▶ _Required work_
The records below are to be quoted in full; please keep every word exact.

··· Records for this task

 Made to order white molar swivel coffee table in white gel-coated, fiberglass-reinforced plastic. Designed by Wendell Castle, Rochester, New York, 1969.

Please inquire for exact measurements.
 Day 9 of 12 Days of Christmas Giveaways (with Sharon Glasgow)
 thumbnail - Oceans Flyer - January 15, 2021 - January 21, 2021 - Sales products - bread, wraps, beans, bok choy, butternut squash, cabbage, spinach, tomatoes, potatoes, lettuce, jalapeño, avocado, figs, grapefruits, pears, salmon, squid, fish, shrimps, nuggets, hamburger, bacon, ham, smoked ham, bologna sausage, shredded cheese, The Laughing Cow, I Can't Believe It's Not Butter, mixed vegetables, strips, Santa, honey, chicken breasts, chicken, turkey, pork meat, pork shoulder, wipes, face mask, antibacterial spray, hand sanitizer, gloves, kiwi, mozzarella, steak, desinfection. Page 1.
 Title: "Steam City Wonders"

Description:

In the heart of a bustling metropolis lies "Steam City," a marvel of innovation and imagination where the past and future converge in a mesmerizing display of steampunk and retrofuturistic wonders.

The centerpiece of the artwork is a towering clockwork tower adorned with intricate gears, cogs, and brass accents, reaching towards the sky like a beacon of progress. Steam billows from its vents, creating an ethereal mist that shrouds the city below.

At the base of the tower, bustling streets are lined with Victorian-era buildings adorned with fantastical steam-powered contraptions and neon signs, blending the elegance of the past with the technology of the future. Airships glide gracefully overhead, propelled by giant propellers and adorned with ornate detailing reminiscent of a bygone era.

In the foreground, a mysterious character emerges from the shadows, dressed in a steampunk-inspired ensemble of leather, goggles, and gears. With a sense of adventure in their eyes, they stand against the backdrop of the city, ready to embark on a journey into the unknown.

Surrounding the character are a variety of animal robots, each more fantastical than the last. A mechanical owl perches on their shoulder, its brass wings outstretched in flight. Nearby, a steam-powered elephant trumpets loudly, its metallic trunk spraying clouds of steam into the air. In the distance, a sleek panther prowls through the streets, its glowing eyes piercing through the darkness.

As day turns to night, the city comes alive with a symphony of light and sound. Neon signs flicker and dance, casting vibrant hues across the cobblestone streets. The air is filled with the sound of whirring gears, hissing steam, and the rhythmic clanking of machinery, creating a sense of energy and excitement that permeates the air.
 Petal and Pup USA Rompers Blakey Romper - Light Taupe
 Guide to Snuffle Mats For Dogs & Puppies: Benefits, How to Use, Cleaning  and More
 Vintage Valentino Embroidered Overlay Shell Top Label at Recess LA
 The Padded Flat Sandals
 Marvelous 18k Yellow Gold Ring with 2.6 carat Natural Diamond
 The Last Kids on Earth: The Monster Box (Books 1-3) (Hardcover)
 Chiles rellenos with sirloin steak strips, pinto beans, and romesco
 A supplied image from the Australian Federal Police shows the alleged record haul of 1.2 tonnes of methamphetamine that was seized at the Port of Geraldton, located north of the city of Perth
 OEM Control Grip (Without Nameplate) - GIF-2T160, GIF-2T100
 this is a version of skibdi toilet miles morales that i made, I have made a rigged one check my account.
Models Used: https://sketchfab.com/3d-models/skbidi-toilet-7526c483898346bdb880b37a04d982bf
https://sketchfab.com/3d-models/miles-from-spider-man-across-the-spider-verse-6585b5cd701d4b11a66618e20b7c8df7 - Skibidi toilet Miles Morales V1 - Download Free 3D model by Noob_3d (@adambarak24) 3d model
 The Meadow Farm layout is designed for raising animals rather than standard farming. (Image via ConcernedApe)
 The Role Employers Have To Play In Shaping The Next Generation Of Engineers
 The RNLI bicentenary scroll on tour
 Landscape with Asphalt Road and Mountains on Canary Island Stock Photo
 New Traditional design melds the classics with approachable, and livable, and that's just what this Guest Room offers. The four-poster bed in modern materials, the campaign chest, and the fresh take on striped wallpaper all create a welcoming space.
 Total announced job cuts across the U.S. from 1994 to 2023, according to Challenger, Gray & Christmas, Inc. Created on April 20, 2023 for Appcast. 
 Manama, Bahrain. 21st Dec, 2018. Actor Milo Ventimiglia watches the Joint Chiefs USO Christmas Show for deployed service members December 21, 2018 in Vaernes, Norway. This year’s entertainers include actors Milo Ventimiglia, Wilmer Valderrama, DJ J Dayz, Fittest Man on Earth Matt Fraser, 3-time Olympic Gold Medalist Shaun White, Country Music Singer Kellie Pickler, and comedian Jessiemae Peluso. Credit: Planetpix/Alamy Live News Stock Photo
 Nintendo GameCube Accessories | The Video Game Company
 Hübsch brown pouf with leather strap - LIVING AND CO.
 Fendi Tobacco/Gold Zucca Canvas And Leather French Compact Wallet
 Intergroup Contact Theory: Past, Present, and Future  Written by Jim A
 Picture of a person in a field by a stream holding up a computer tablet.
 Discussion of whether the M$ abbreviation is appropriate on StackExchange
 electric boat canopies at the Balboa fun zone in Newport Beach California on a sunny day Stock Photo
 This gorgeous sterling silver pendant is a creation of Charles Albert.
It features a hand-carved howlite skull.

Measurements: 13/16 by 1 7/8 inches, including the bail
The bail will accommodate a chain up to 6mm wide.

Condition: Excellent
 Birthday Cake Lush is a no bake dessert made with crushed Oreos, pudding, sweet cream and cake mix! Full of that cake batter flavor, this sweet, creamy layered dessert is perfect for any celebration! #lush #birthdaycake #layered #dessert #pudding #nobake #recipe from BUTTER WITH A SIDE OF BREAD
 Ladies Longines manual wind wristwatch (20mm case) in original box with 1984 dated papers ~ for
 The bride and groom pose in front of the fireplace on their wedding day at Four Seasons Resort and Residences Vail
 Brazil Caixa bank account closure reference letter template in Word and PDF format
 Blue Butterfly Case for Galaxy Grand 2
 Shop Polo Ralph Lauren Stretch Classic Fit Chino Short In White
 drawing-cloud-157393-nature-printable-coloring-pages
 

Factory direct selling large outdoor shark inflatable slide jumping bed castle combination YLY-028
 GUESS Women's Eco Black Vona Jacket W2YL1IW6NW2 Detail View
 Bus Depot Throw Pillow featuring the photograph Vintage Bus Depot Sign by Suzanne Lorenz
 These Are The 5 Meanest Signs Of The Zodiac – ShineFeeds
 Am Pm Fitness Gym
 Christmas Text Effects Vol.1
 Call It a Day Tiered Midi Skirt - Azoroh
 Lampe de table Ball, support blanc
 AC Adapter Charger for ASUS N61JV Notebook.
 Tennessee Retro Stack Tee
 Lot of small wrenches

······

▶ _Written solution_
 Made to order white molar swivel coffee table in white gel-coated, fiberglass-reinforced plastic. Designed by Wendell Castle, Rochester, New York, 1969.

Please inquire for exact measurements.
 Day 9 of 12 Days of Christmas Giveaways (with Sharon Glasgow)
 thumbnail - Oceans Flyer - January 15, 2021 - January 21, 2021 - Sales products - bread, wraps, beans, bok choy, butternut squash, cabbage, spinach, tomatoes, potatoes, lettuce, jalapeño, avocado, figs, grapefruits, pears, salmon, squid, fish, shrimps, nuggets, hamburger, bacon, ham, smoked ham, bologna sausage, shredded cheese, The Laughing Cow, I Can't Believe It's Not Butter, mixed vegetables, strips, Santa, honey, chicken breasts, chicken, turkey, pork meat, pork shoulder, wipes, face mask, antibacterial spray, hand sanitizer, gloves, kiwi, mozzarella, steak, desinfection. Page 1.
 Title: "Steam City Wonders"

Description:

In the heart of a bustling metropolis lies "Steam City," a marvel of innovation and imagination where the past and future converge in a mesmerizing display of steampunk and retrofuturistic wonders.

The centerpiece of the artwork is a towering clockwork tower adorned with intricate gears, cogs, and brass accents, reaching towards the sky like a beacon of progress. Steam billows from its vents, creating an ethereal mist that shrouds the city below.

At the base of the tower, bustling streets are lined with Victorian-era buildings adorned with fantastical steam-powered contraptions and neon signs, blending the elegance of the past with the technology of the future. Airships glide gracefully overhead, propelled by giant propellers and adorned with ornate detailing reminiscent of a bygone era.

In the foreground, a mysterious character emerges from the shadows, dressed in a steampunk-inspired ensemble of leather, goggles, and gears. With a sense of adventure in their eyes, they stand against the backdrop of the city, ready to embark on a journey into the unknown.

Surrounding the character are a variety of animal robots, each more fantastical than the last. A mechanical owl perches on their shoulder, its brass wings outstretched in flight. Nearby, a steam-powered elephant trumpets loudly, its metallic trunk spraying clouds of steam into the air. In the distance, a sleek panther prowls through the streets, its glowing eyes piercing through the darkness.

As day turns to night, the city comes alive with a symphony of light and sound. Neon signs flicker and dance, casting vibrant hues across the cobblestone streets. The air is filled with the sound of whirring gears, hissing steam, and the rhythmic clanking of machinery, creating a sense of energy and excitement that permeates the air.
 Petal and Pup USA Rompers Blakey Romper - Light Taupe
 Guide to Snuffle Mats For Dogs & Puppies: Benefits, How to Use, Cleaning  and More
 Vintage Valentino Embroidered Overlay Shell Top Label at Recess LA
 The Padded Flat Sandals
 Marvelous 18k Yellow Gold Ring with 2.6 carat Natural Diamond
 The Last Kids on Earth: The Monster Box (Books 1-3) (Hardcover)
 Chiles rellenos with sirloin steak strips, pinto beans, and romesco
 A supplied image from the Australian Federal Police shows the alleged record haul of 1.2 tonnes of methamphetamine that was seized at the Port of Geraldton, located north of the city of Perth
 OEM Control Grip (Without Nameplate) - GIF-2T160, GIF-2T100
 this is a version of skibdi toilet miles morales that i made, I have made a rigged one check my account.
Models Used: https://sketchfab.com/3d-models/skbidi-toilet-7526c483898346bdb880b37a04d982bf
https://sketchfab.com/3d-models/miles-from-spider-man-across-the-spider-verse-6585b5cd701d4b11a66618e20b7c8df7 - Skibidi toilet Miles Morales V1 - Download Free 3D model by Noob_3d (@adambarak24) 3d model
 The Meadow Farm layout is designed for raising animals rather than standard farming. (Image via ConcernedApe)
 The Role Employers Have To Play In Shaping The Next Generation Of Engineers
 The RNLI bicentenary scroll on tour
 Landscape with Asphalt Road and Mountains on Canary Island Stock Photo
 New Traditional design melds the classics with approachable, and livable, and that's just what this Guest Room offers. The four-poster bed in modern materials, the campaign chest, and the fresh take on striped wallpaper all create a welcoming space.
 Total announced job cuts across the U.S. from 1994 to 2023, according to Challenger, Gray & Christmas, Inc. Created on April 20, 2023 for Appcast. 
 Manama, Bahrain. 21st Dec, 2018. Actor Milo Ventimiglia watches the Joint Chiefs USO Christmas Show for deployed service members December 21, 2018 in Vaernes, Norway. This year’s entertainers include actors Milo Ventimiglia, Wilmer Valderrama, DJ J Dayz, Fittest Man on Earth Matt Fraser, 3-time Olympic Gold Medalist Shaun White, Country Music Singer Kellie Pickler, and comedian Jessiemae Peluso. Credit: Planetpix/Alamy Live News Stock Photo
 Nintendo GameCube Accessories | The Video Game Company
 Hübsch brown pouf with leather strap - LIVING AND CO.
 Fendi Tobacco/Gold Zucca Canvas And Leather French Compact Wallet
 Intergroup Contact Theory: Past, Present, and Future  Written by Jim A
 Picture of a person in a field by a stream holding up a computer tablet.
 Discussion of whether the M$ abbreviation is appropriate on StackExchange
 electric boat canopies at the Balboa fun zone in Newport Beach California on a sunny day Stock Photo
 This gorgeous sterling silver pendant is a creation of Charles Albert.
It features a hand-carved howlite skull.

Measurements: 13/16 by 1 7/8 inches, including the bail
The bail will accommodate a chain up to 6mm wide.

Condition: Excellent
 Birthday Cake Lush is a no bake dessert made with crushed Oreos, pudding, sweet cream and cake mix! Full of that cake batter flavor, this sweet, creamy layered dessert is perfect for any celebration! #lush #birthdaycake #layered #dessert #pudding #nobake #recipe from BUTTER WITH A SIDE OF BREAD
 Ladies Longines manual wind wristwatch (20mm case) in original box with 1984 dated papers ~ for
 The bride and groom pose in front of the fireplace on their wedding day at Four Seasons Resort and Residences Vail
 Brazil Caixa bank account closure reference letter template in Word and PDF format
 Blue Butterfly Case for Galaxy Grand 2
 Shop Polo Ralph Lauren Stretch Classic Fit Chino Short In White
 drawing-cloud-157393-nature-printable-coloring-pages
 

Factory direct selling large outdoor shark inflatable slide jumping bed castle combination YLY-028
 GUESS Women's Eco Black Vona Jacket W2YL1IW6NW2 Detail View
 Bus Depot Throw Pillow featuring the photograph Vintage Bus Depot Sign by Suzanne Lorenz
 These Are The 5 Meanest Signs Of The Zodiac – ShineFeeds
 Am Pm Fitness Gym
 Christmas Text Effects Vol.1
 Call It a Day Tiered Midi Skirt - Azoroh
 Lampe de table Ball, support blanc
 AC Adapter Charger for ASUS N61JV Notebook.
 Tennessee Retro Stack Tee
 Lot of small wrenches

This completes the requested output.